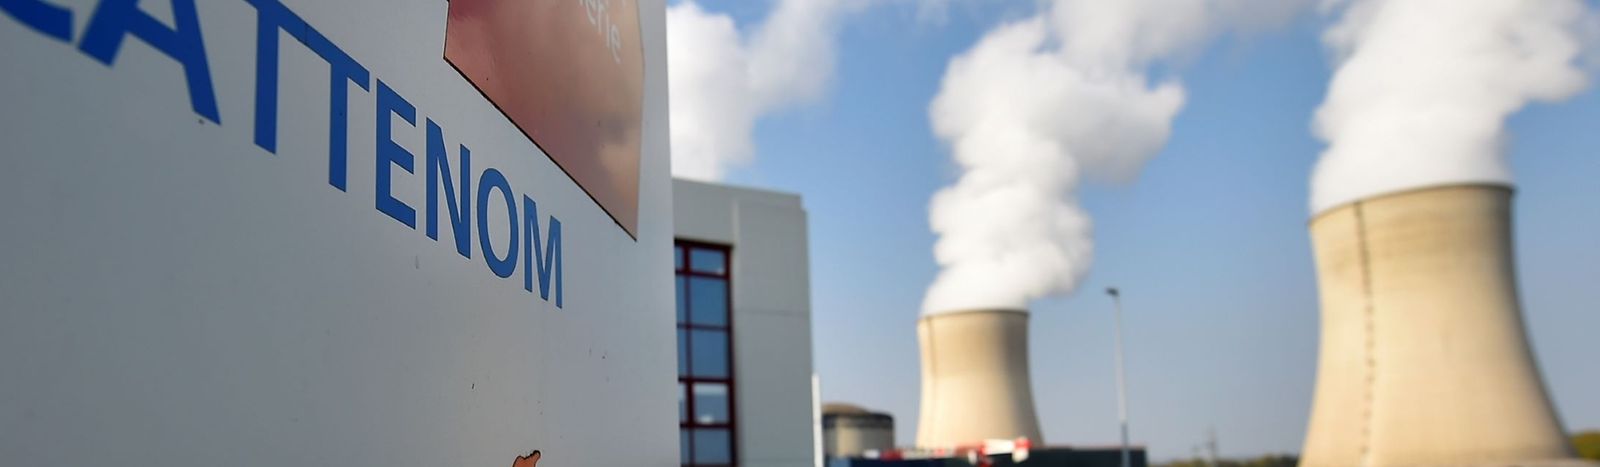 Des visites grand public sont organisées à la centrale nucléaire de Cattenom en septembre.
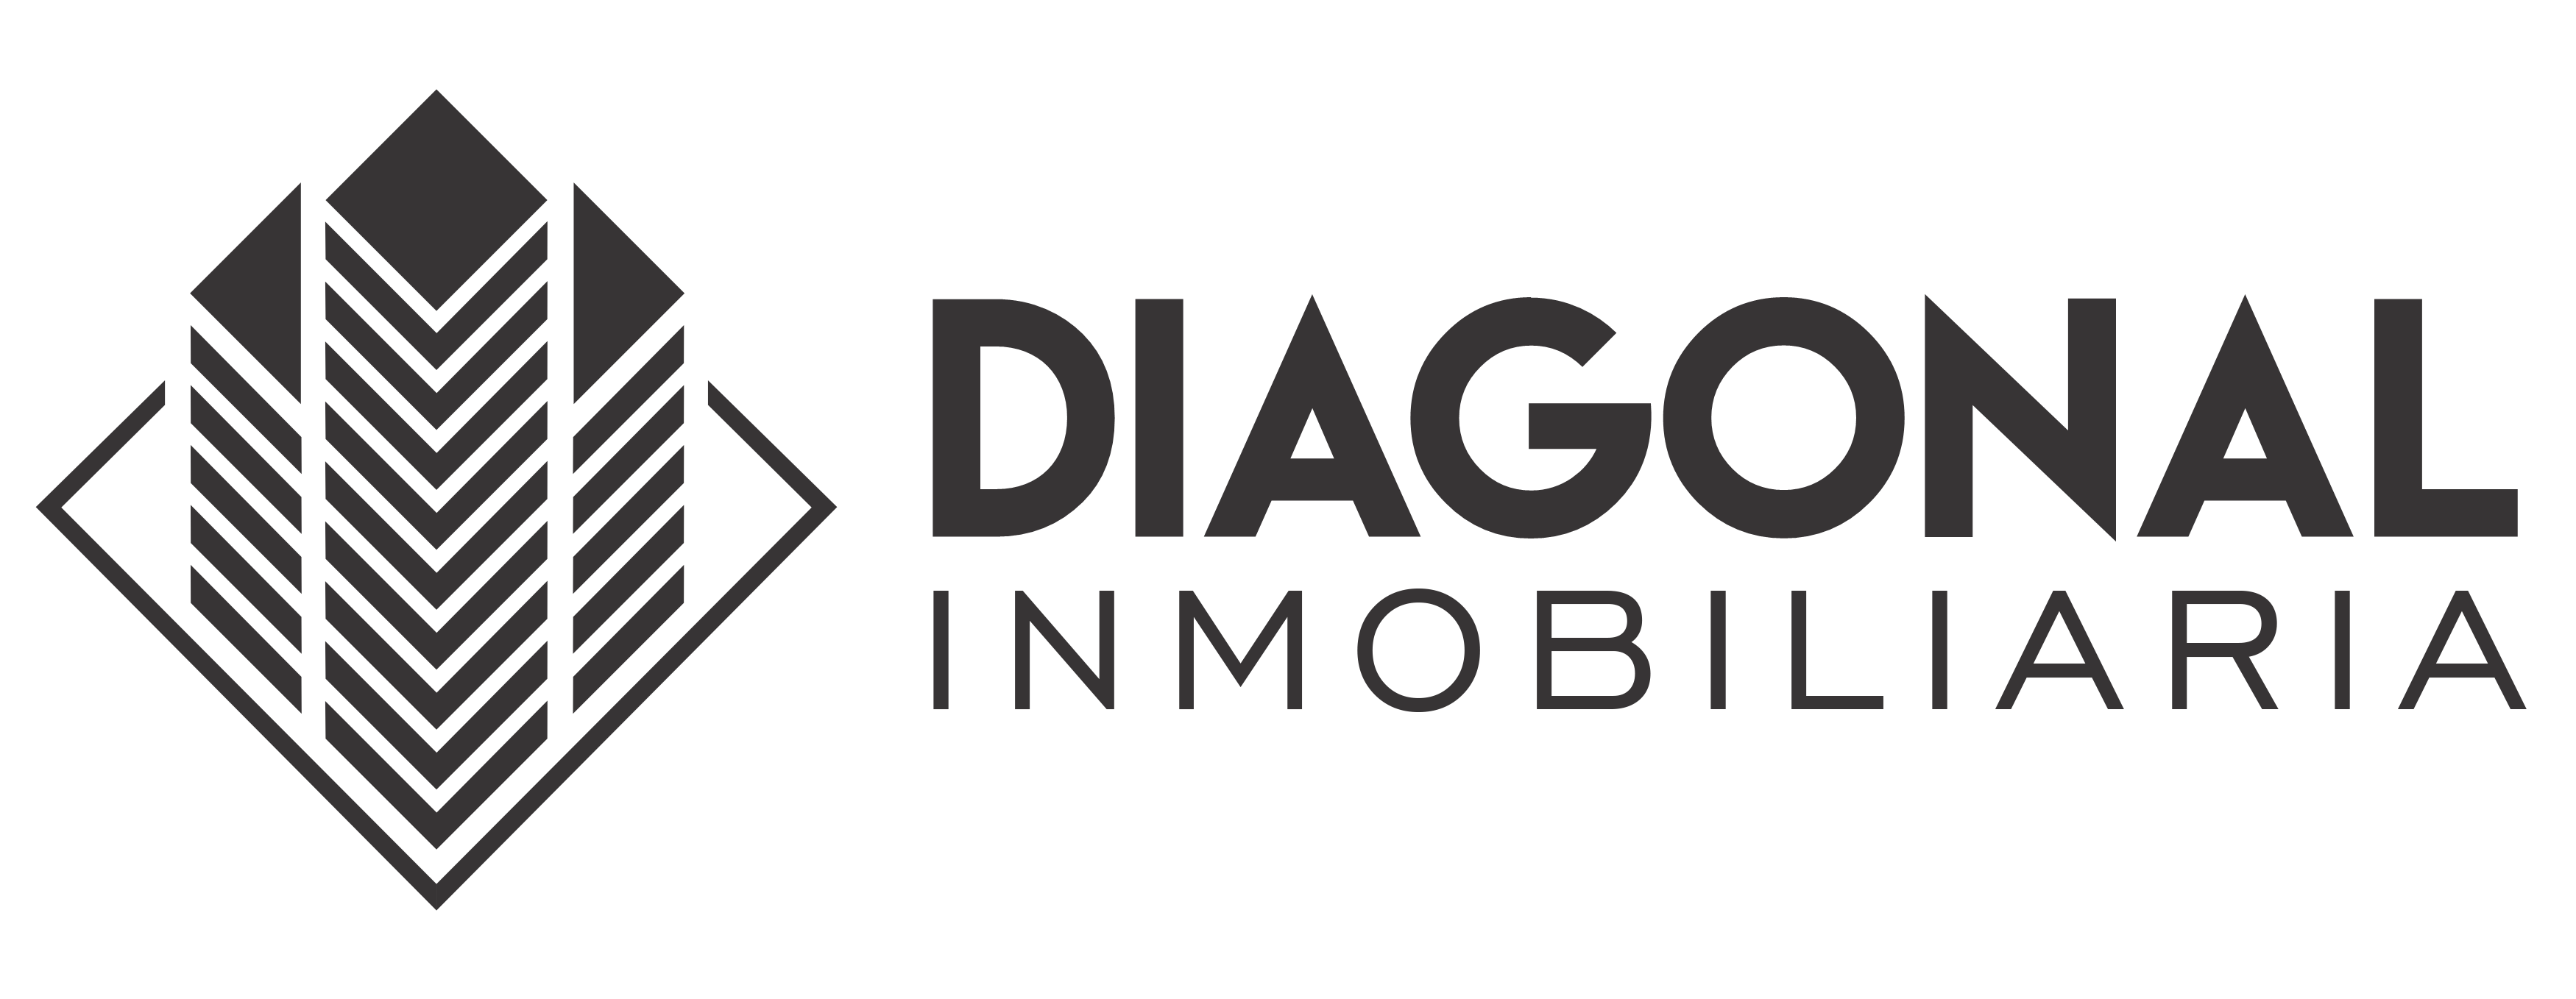 diagonal white logo
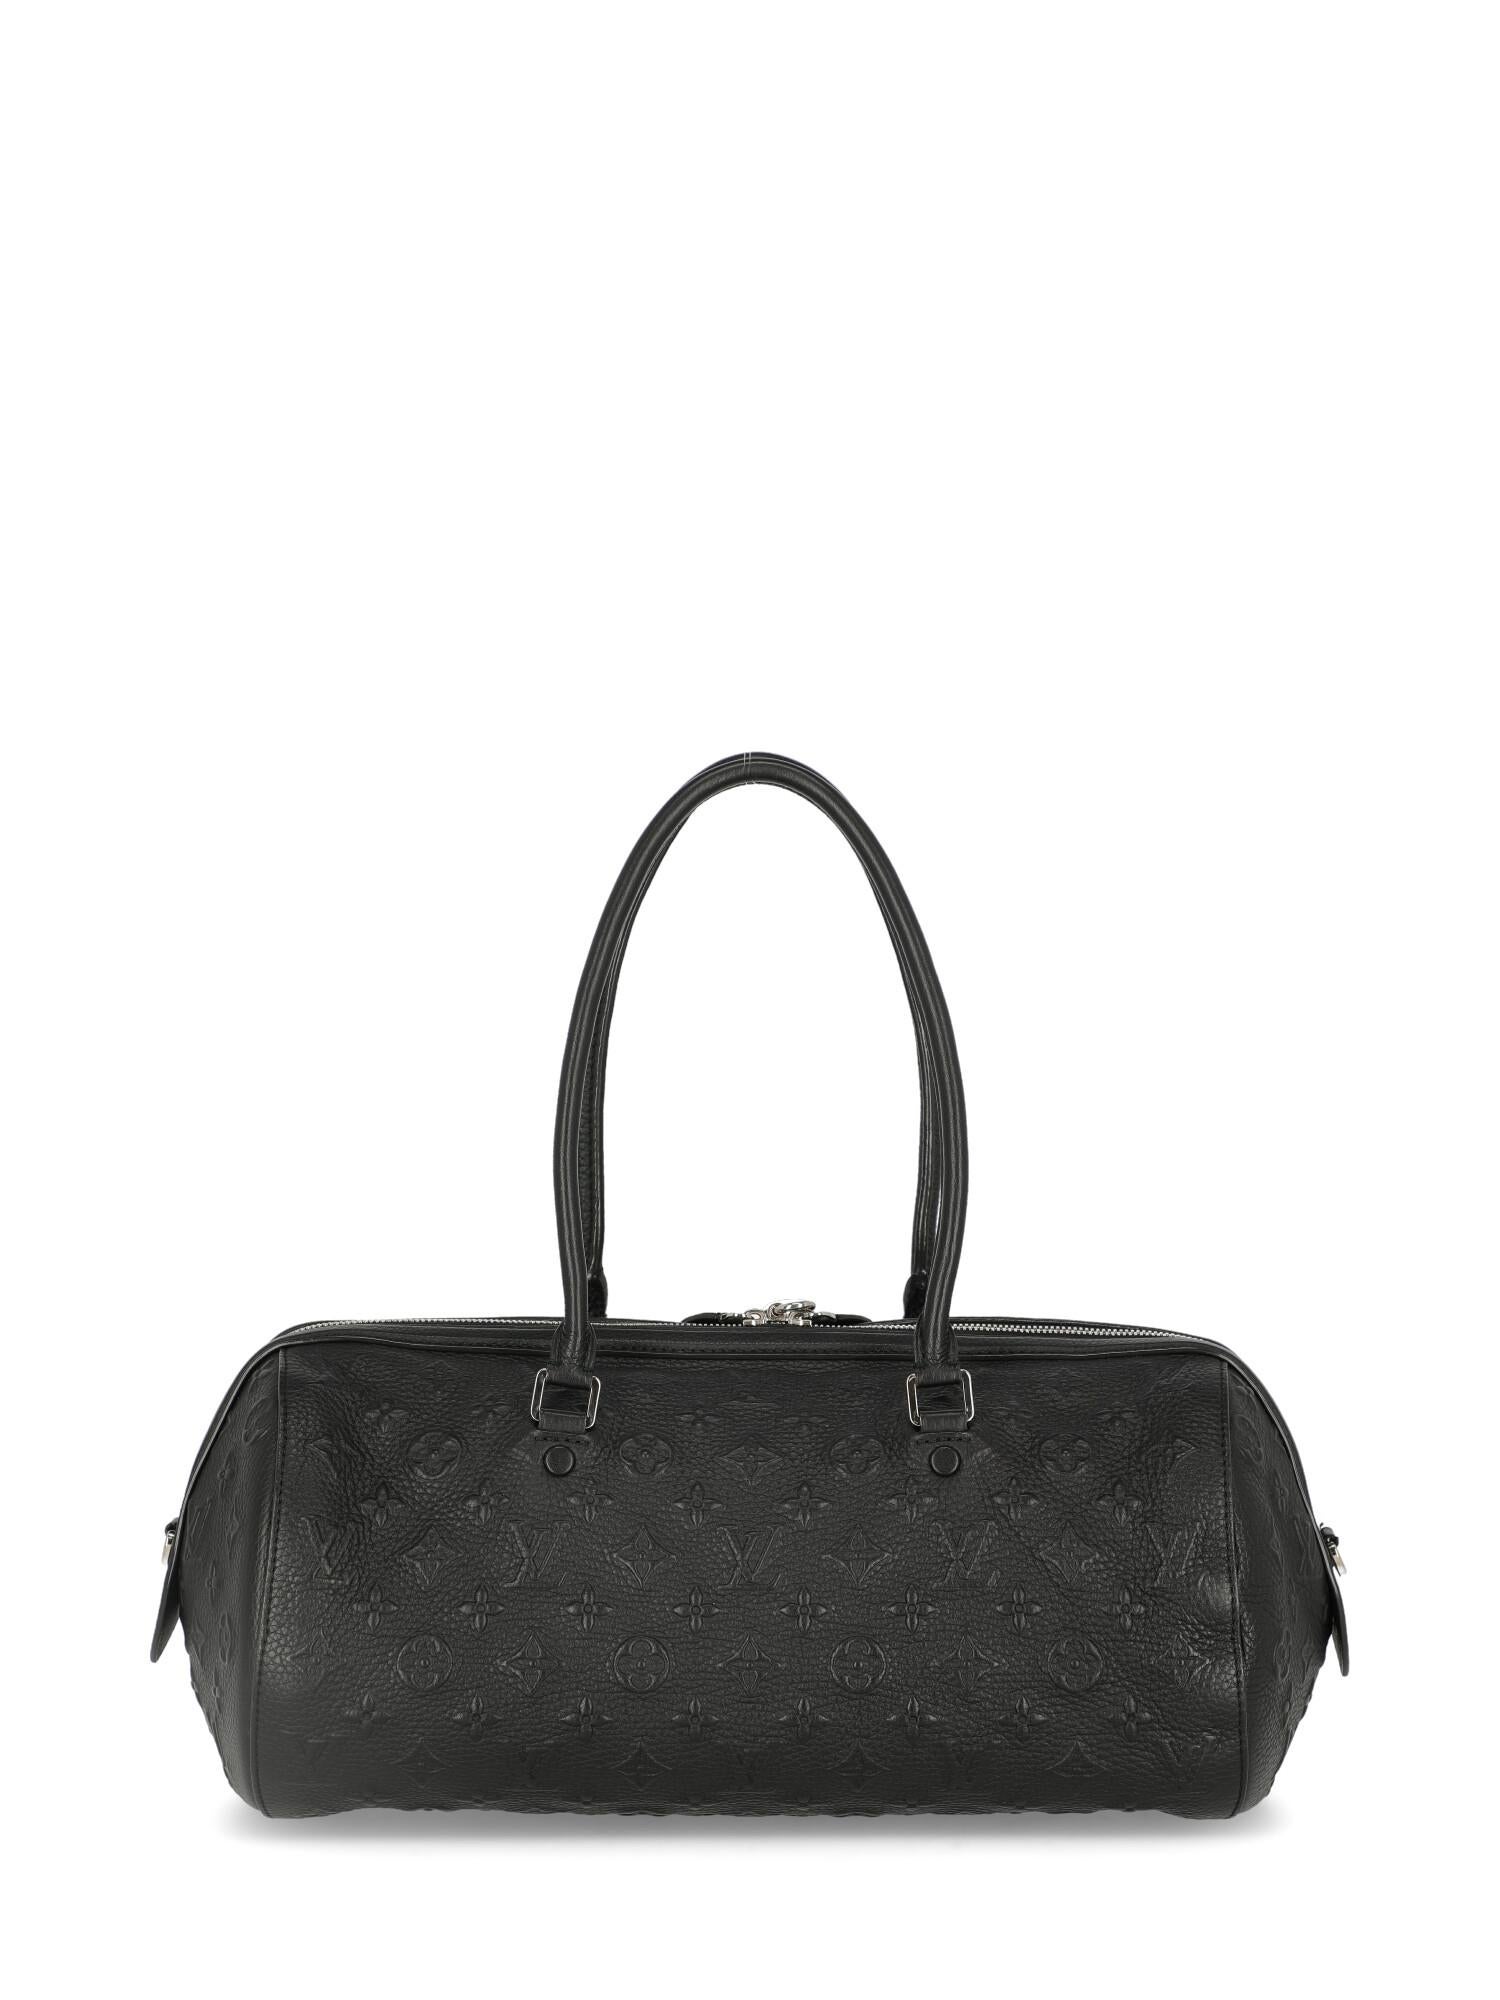 Women's Louis Vuitton Woman Shoulder bag Black Leather

_Problem to solve_: Only the pictures are dropped when you print the material; everything else is copied exactly.

_Finished task_:
 Des visites grand public sont organisées à la centrale nucléaire de Cattenom en septembre.
 diagonal white logo
 Women's Louis Vuitton Woman Shoulder bag Black Leather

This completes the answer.